The standard surgical treatment of PE since 1949 has been the Ravitch technique. This method, however, was modified to meet requirements related to cosmetics, orthopedics, and effectiveness in relieving symptoms[10]. The modified Ravitch procedure requires exposure of the sternum and surrounding area, removal of abnormal cartilage, and fixation of the sternum in a more normal position with a metal bar, which remains in place for at least 1 year and is later removed surgically[11]. The more recently developed Nuss procedure relies on internal bracing, which is made possible by the flexibility and malleability of the costal cartilages, and does not include a large incision to resect abnormal cartilage[12, 13]. Following the Nuss procedure, the steel strut must remain in place for approximately 2–4 years to properly reform the chest. The rationale for this technique was based on the malleability of the chest, chest reconfiguration, and bracing of the bar. The anterior chest wall has been regarded as more malleable than other skeletal structures, making the Nuss procedure seemingly ideal for the correction of PE[14, 15]. However, despite many studies, there is as yet no consensus as to whether surgical repair significantly improves pulmonary function.
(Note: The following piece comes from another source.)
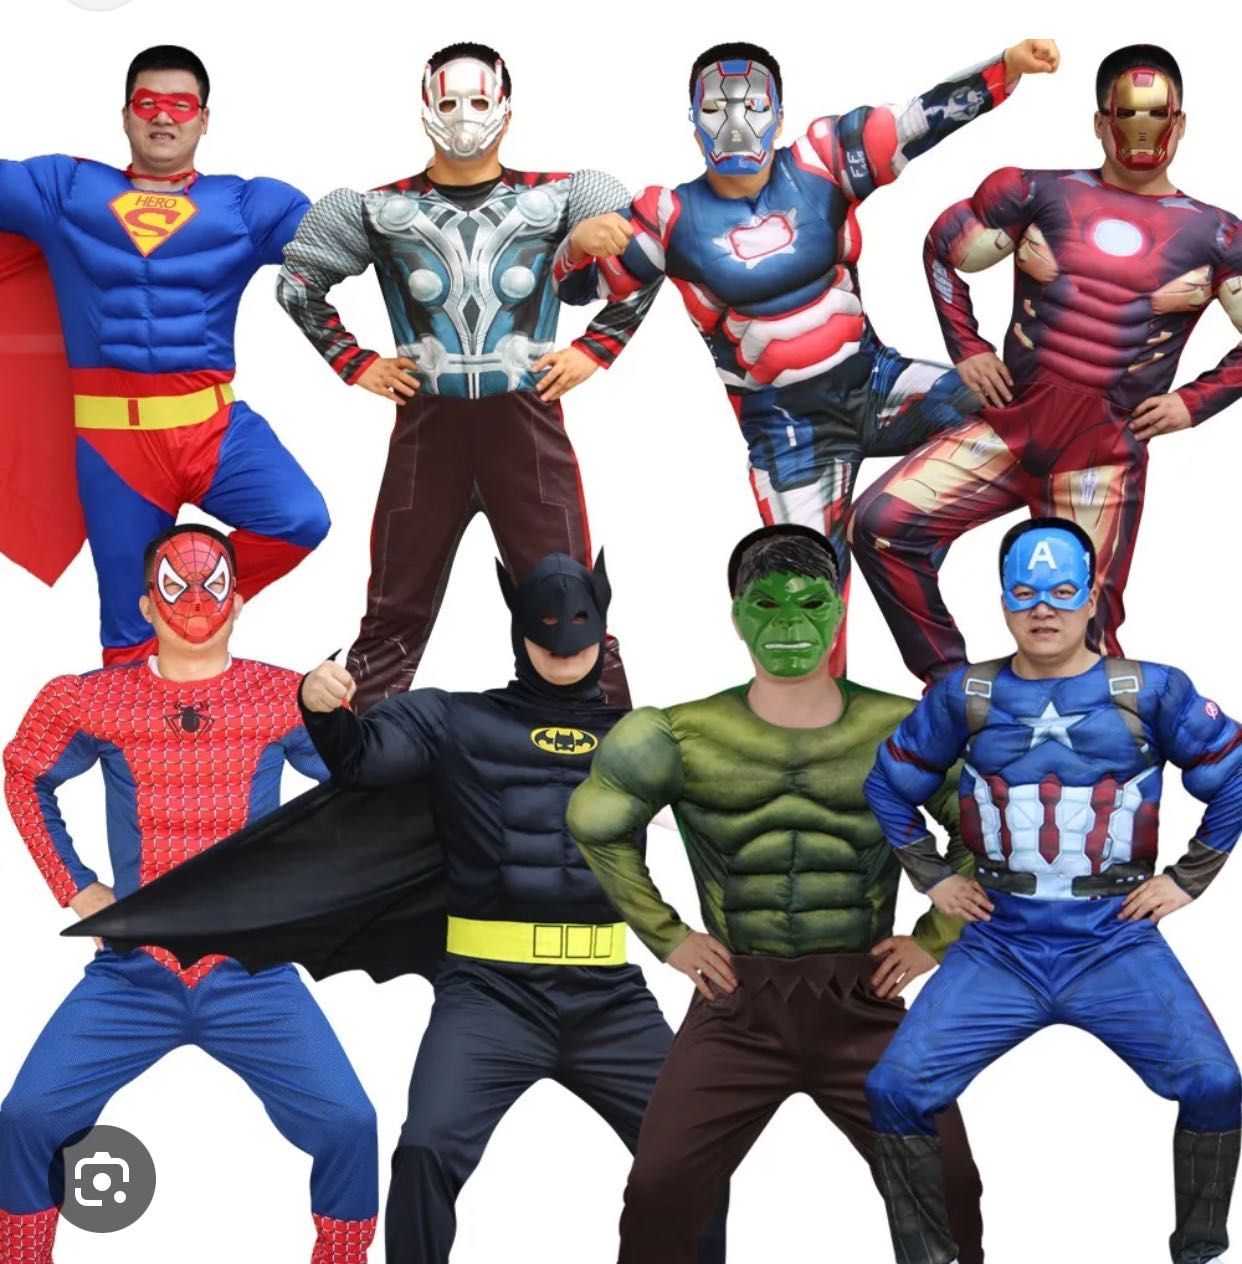 Прокат костюмов Супер герои для взрослых
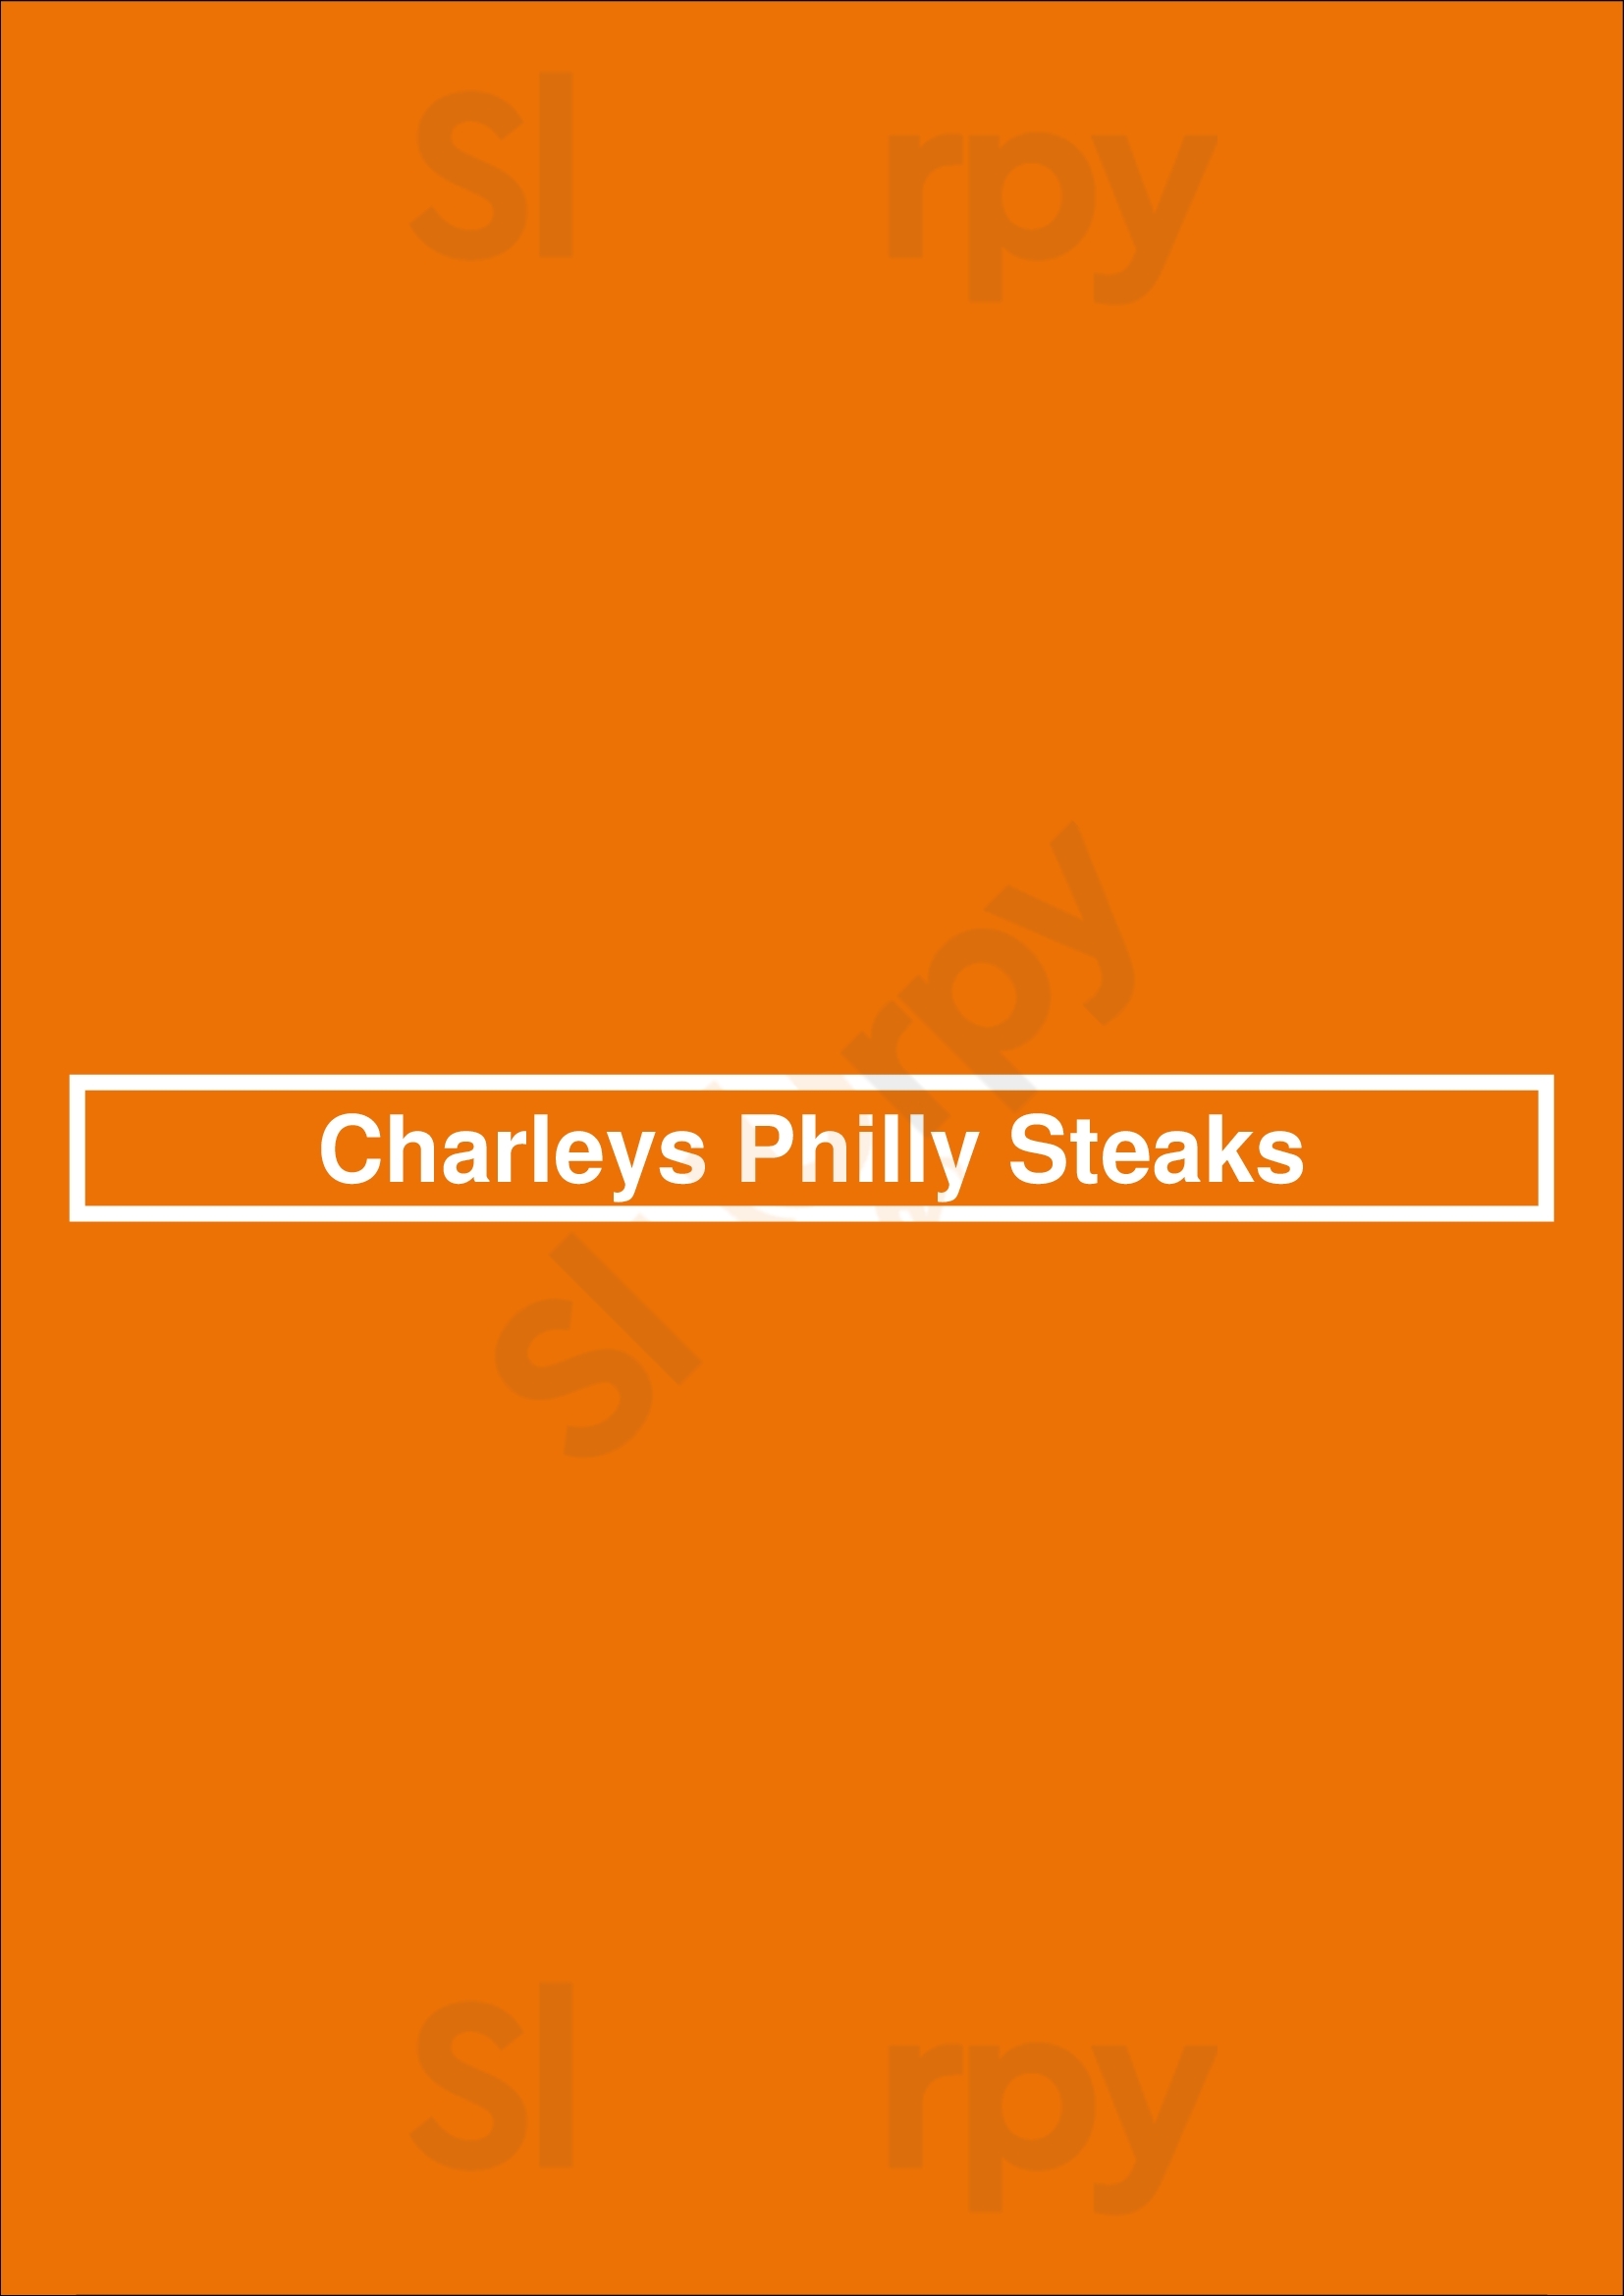 Charleys Philly Steaks San Antonio Menu - 1

There is a need to assess whether and to what extent pulmonary function, as assessed by severity index, is impaired in PE patients, and to investigate actual changes in pulmonary function caused by surgical correction. We therefore performed a meta-analysis to assess whether pulmonary functional recovery is dependent on the type of surgical correction or to time after the operation.

Methods

Study identification and selection

Eligible studies were identified by searching the PubMed, EMBASE, Health Periodicals Database, and CNKI (Chinese National Knowledge Index) databases for relevant reports published from January 1990 to December 2007. The following keywords were searched, either alone or in various combinations: pectus excavatum, chest wall deformity, funnel chest, pulmonary function, respiratory, lung function, age group, follow up, costal cartilage, and pectus severity index. The titles and abstracts of studies obtained were examined to exclude any articles that were clearly irrelevant. The full texts of the remaining articles were retrieved, and each paper was read to determine whether it contained information on the topic of interest.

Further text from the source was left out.